TO DO
Reproduce exactly the lines of this material that begin at the line with "Eventsida för oceaniska ESL One: Road to Rio" and end at the line with "Photo of Iyengar", both included. Omit the pictures and everything else.

PROVIDED RECORDS

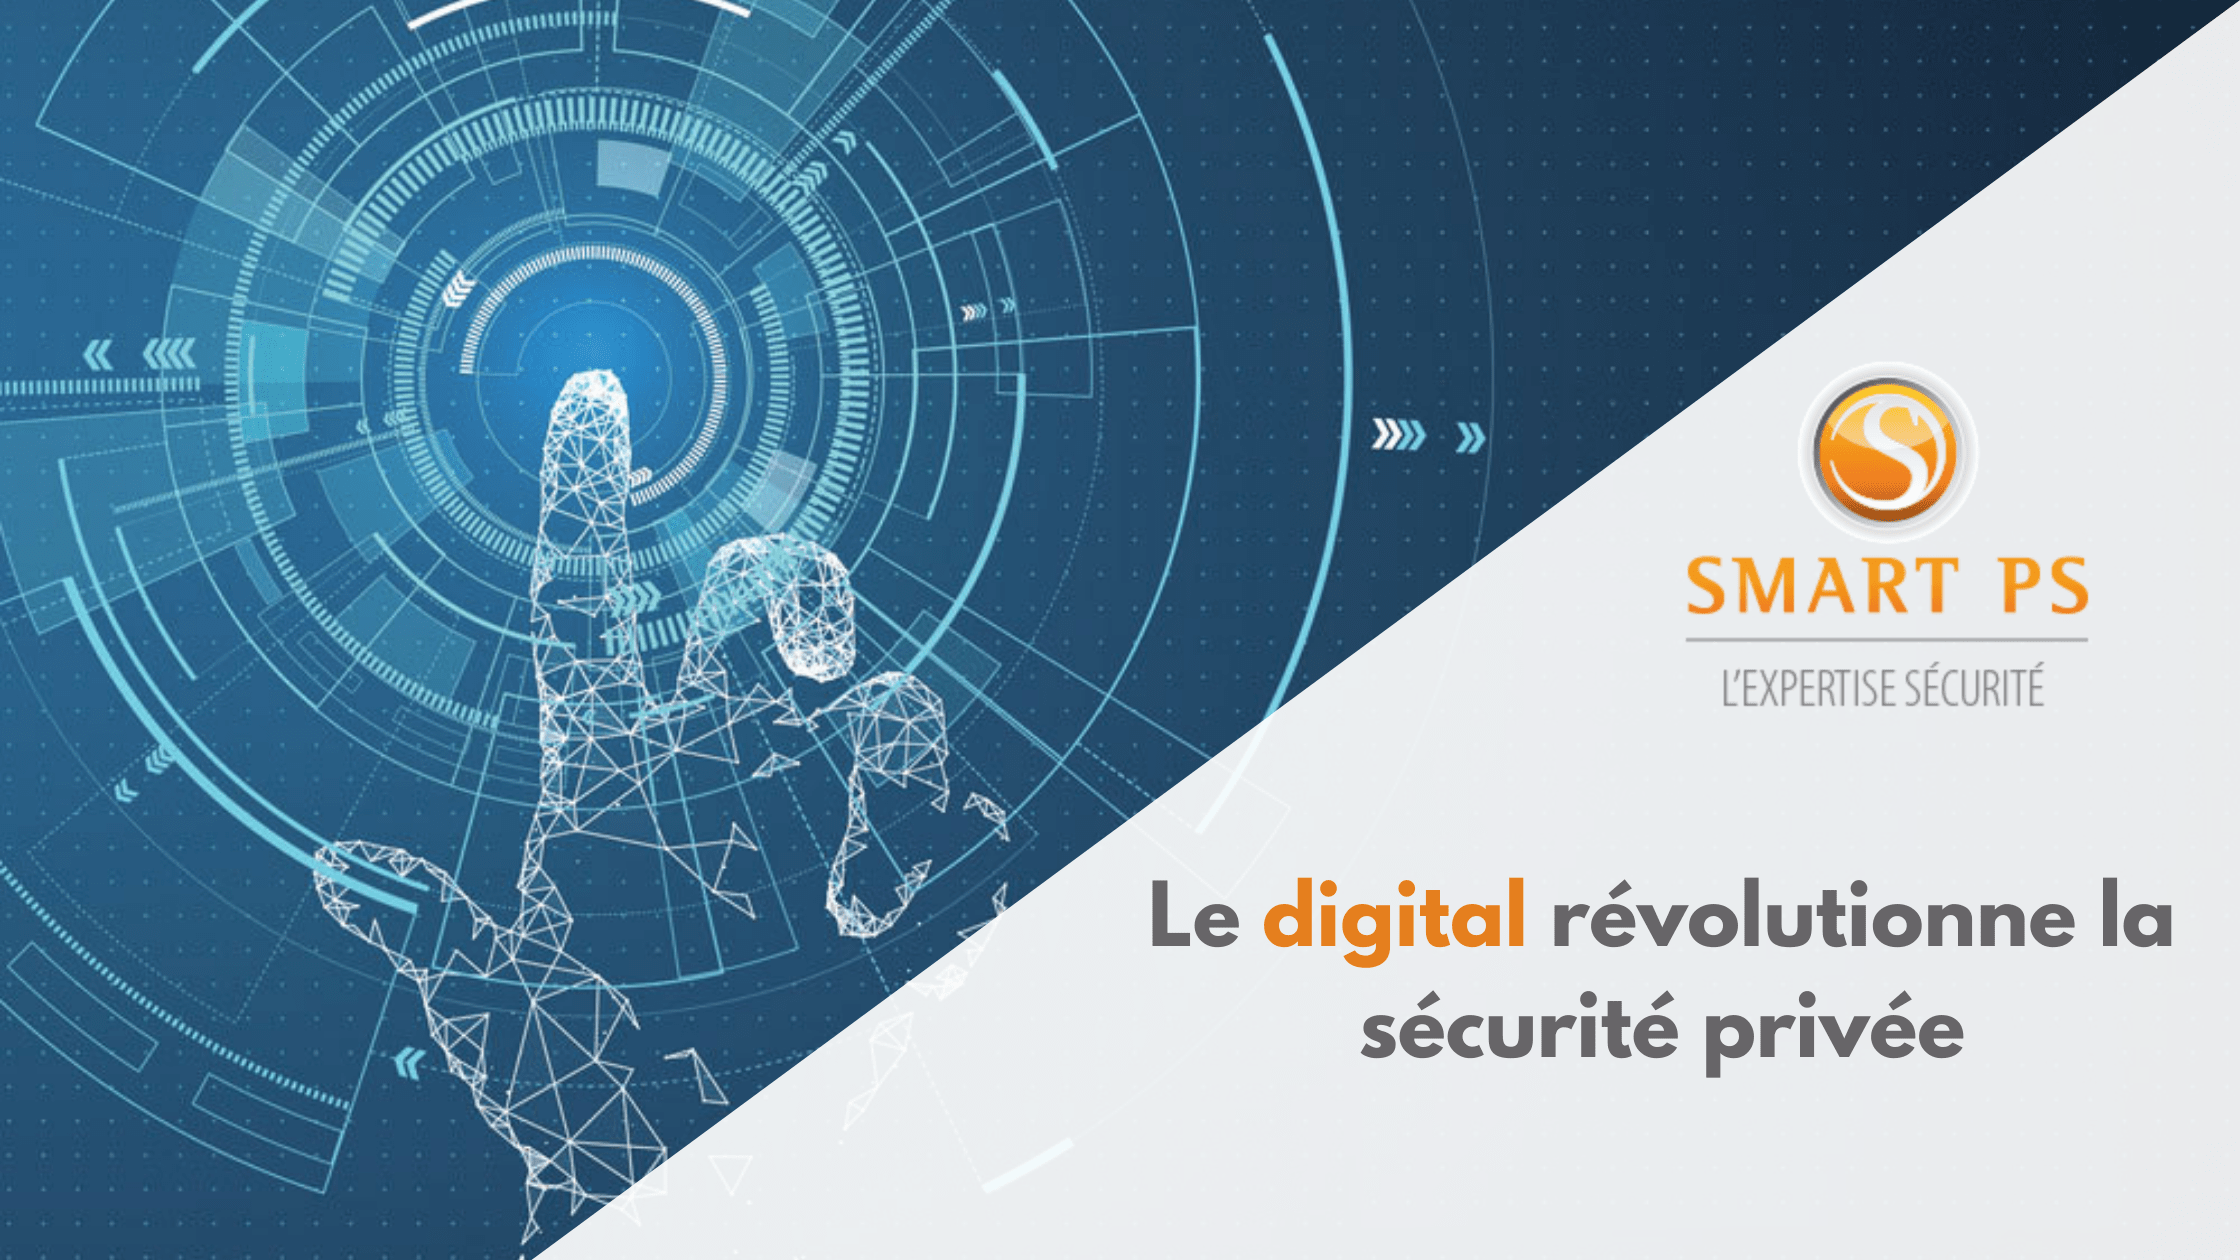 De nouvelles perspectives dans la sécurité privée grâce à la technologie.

==

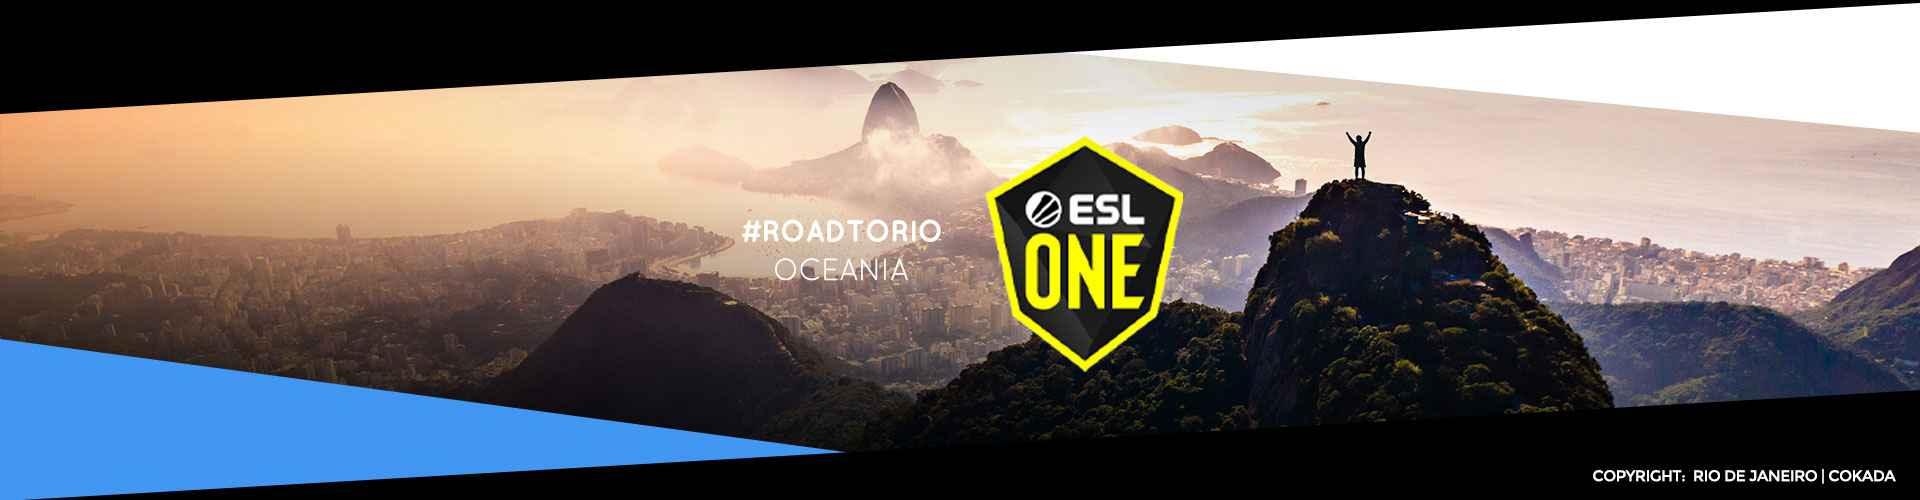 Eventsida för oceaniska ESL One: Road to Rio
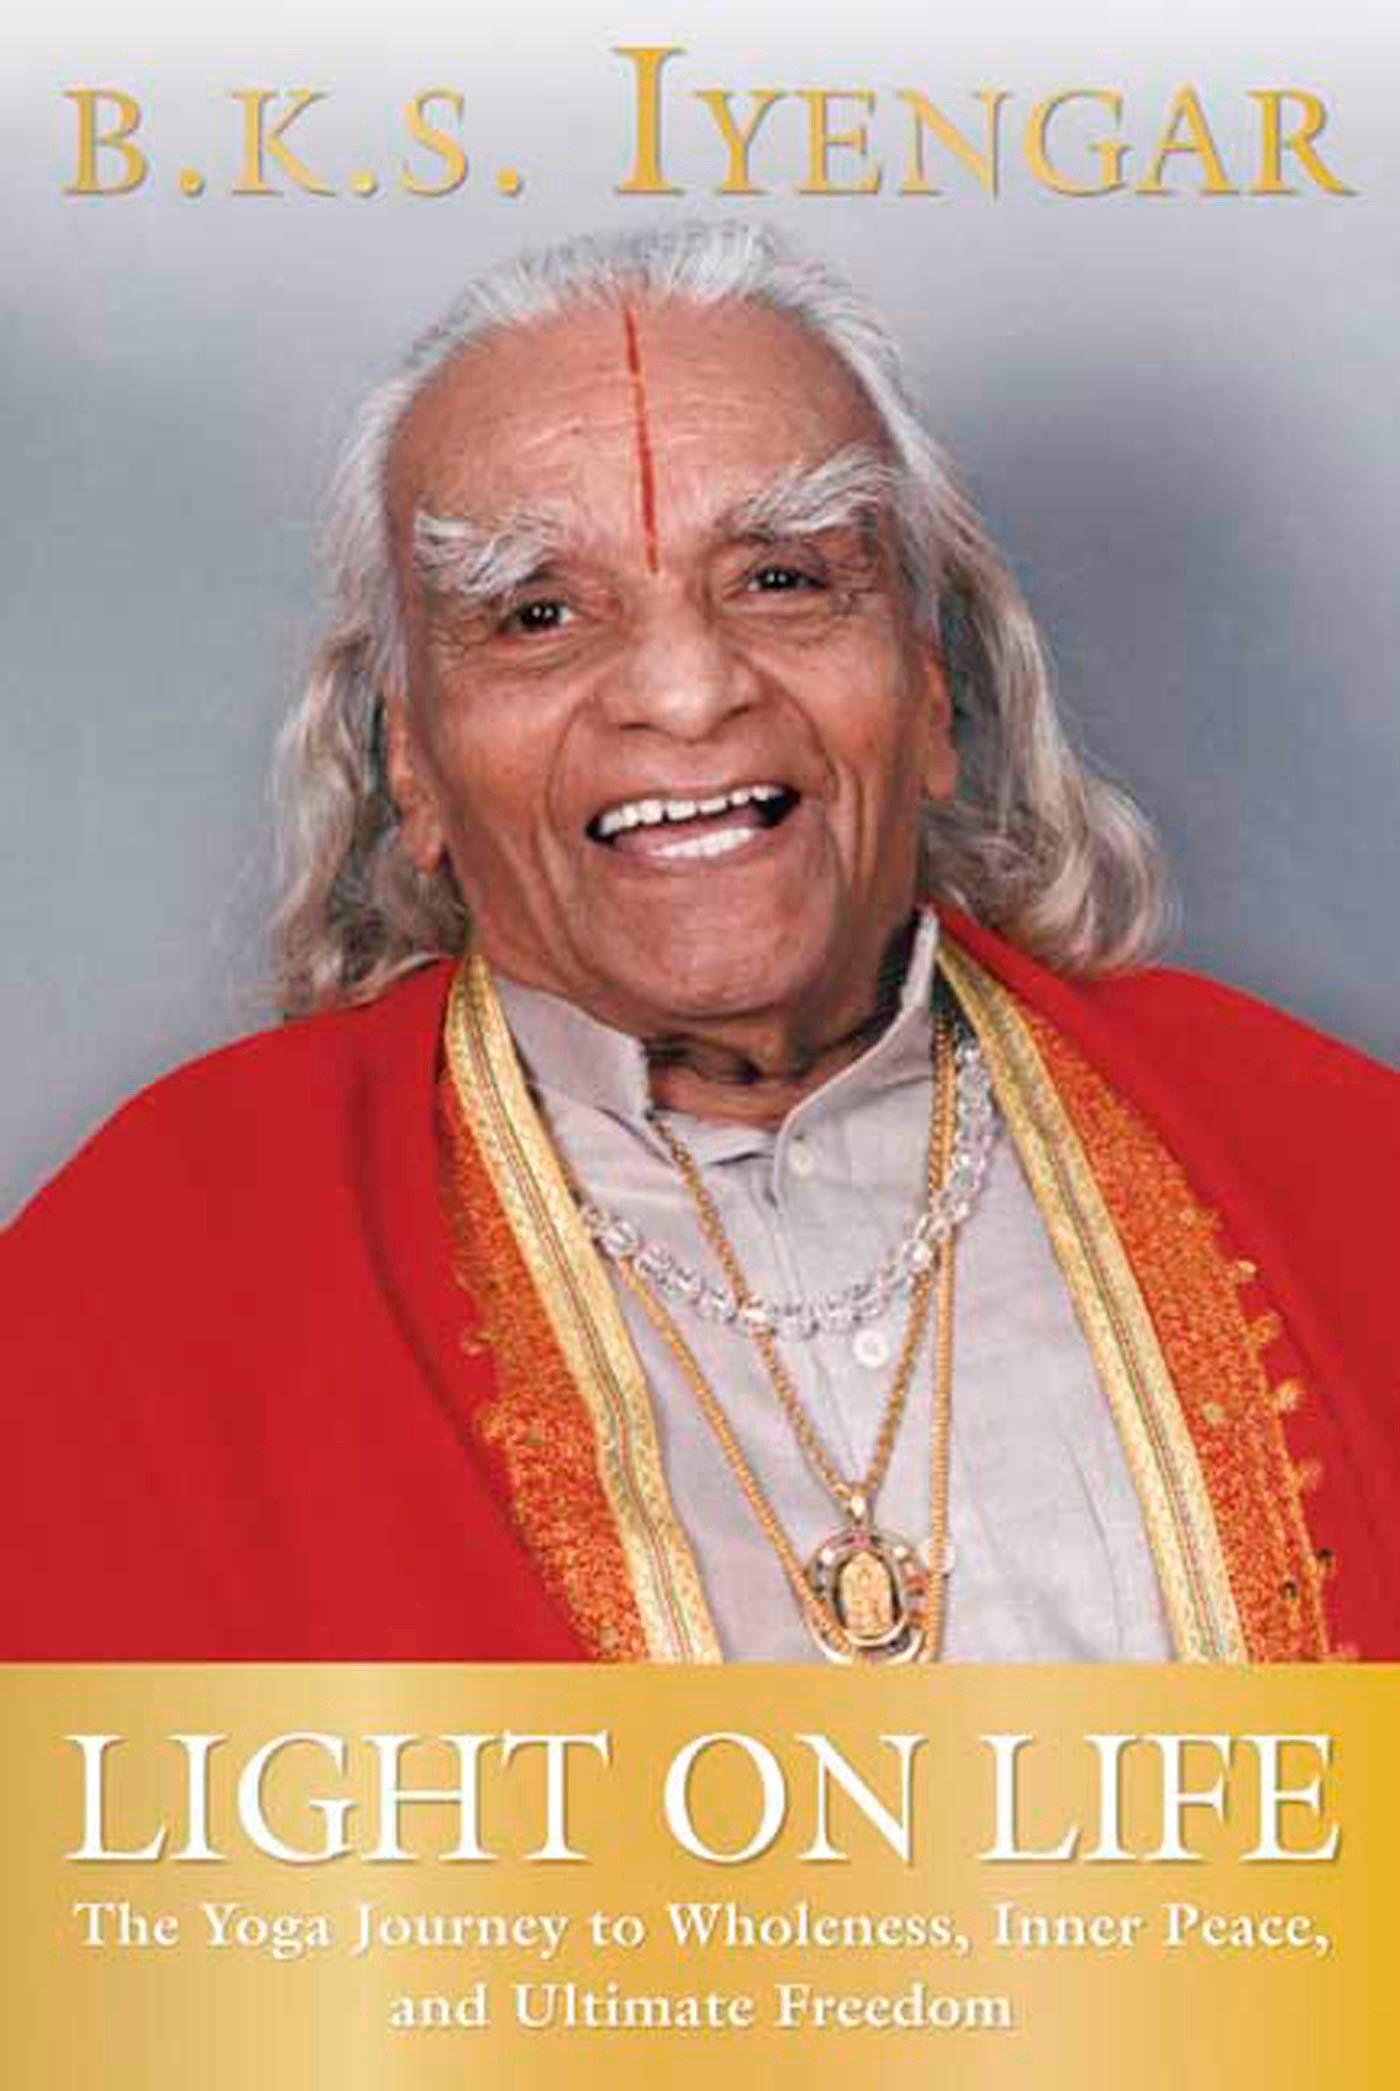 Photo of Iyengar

--

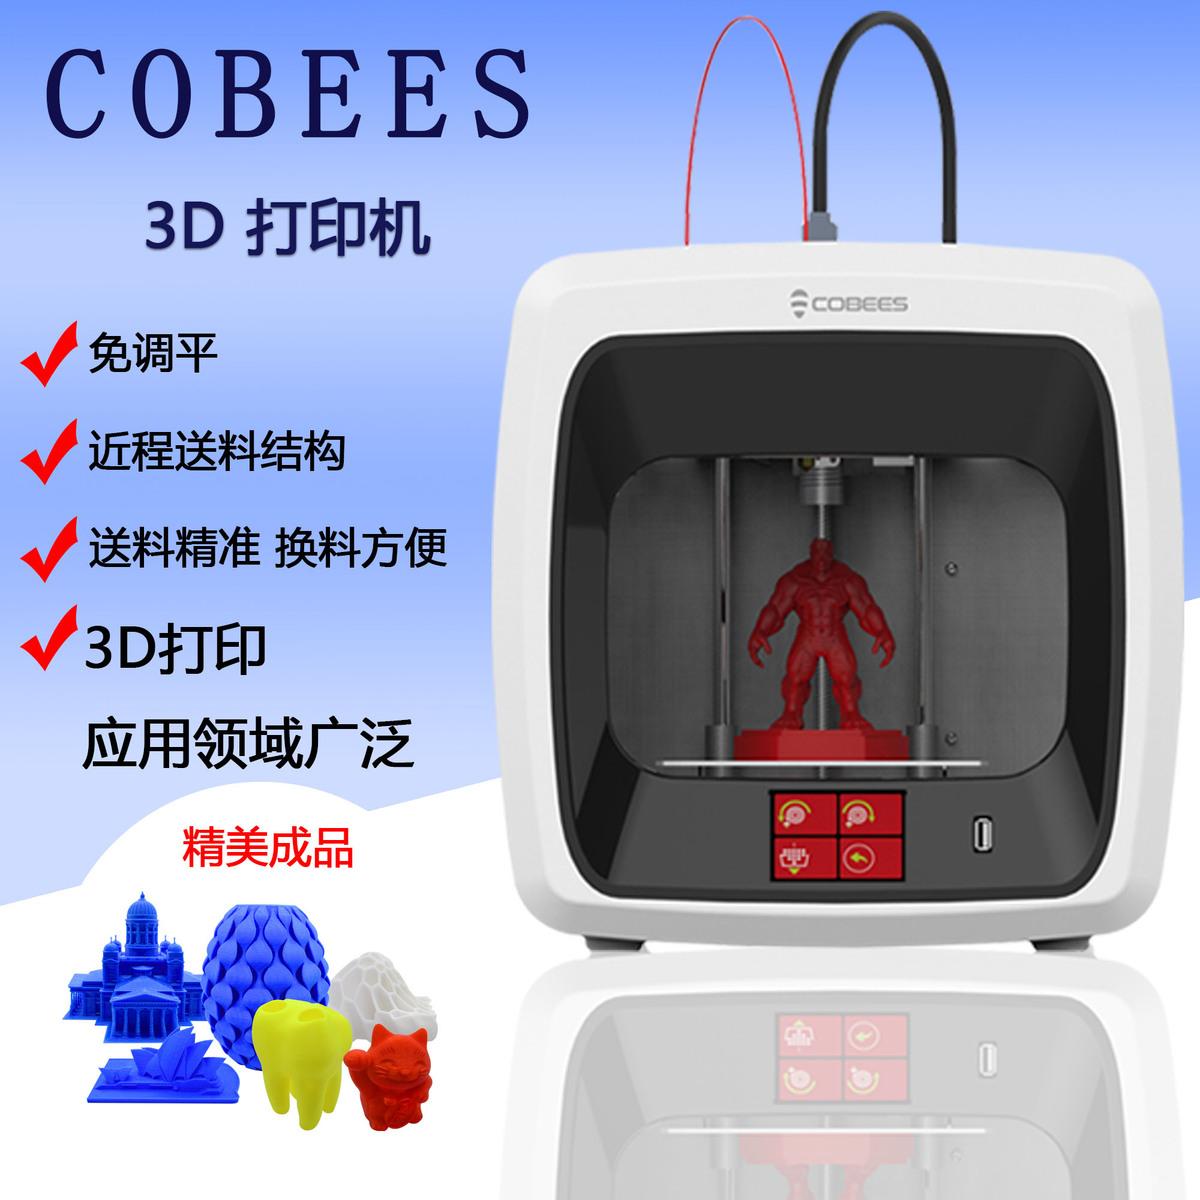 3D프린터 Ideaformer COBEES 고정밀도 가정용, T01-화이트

ANSWER TO THIS EXERCISE
 Eventsida för oceaniska ESL One: Road to Rio
 Photo of Iyengar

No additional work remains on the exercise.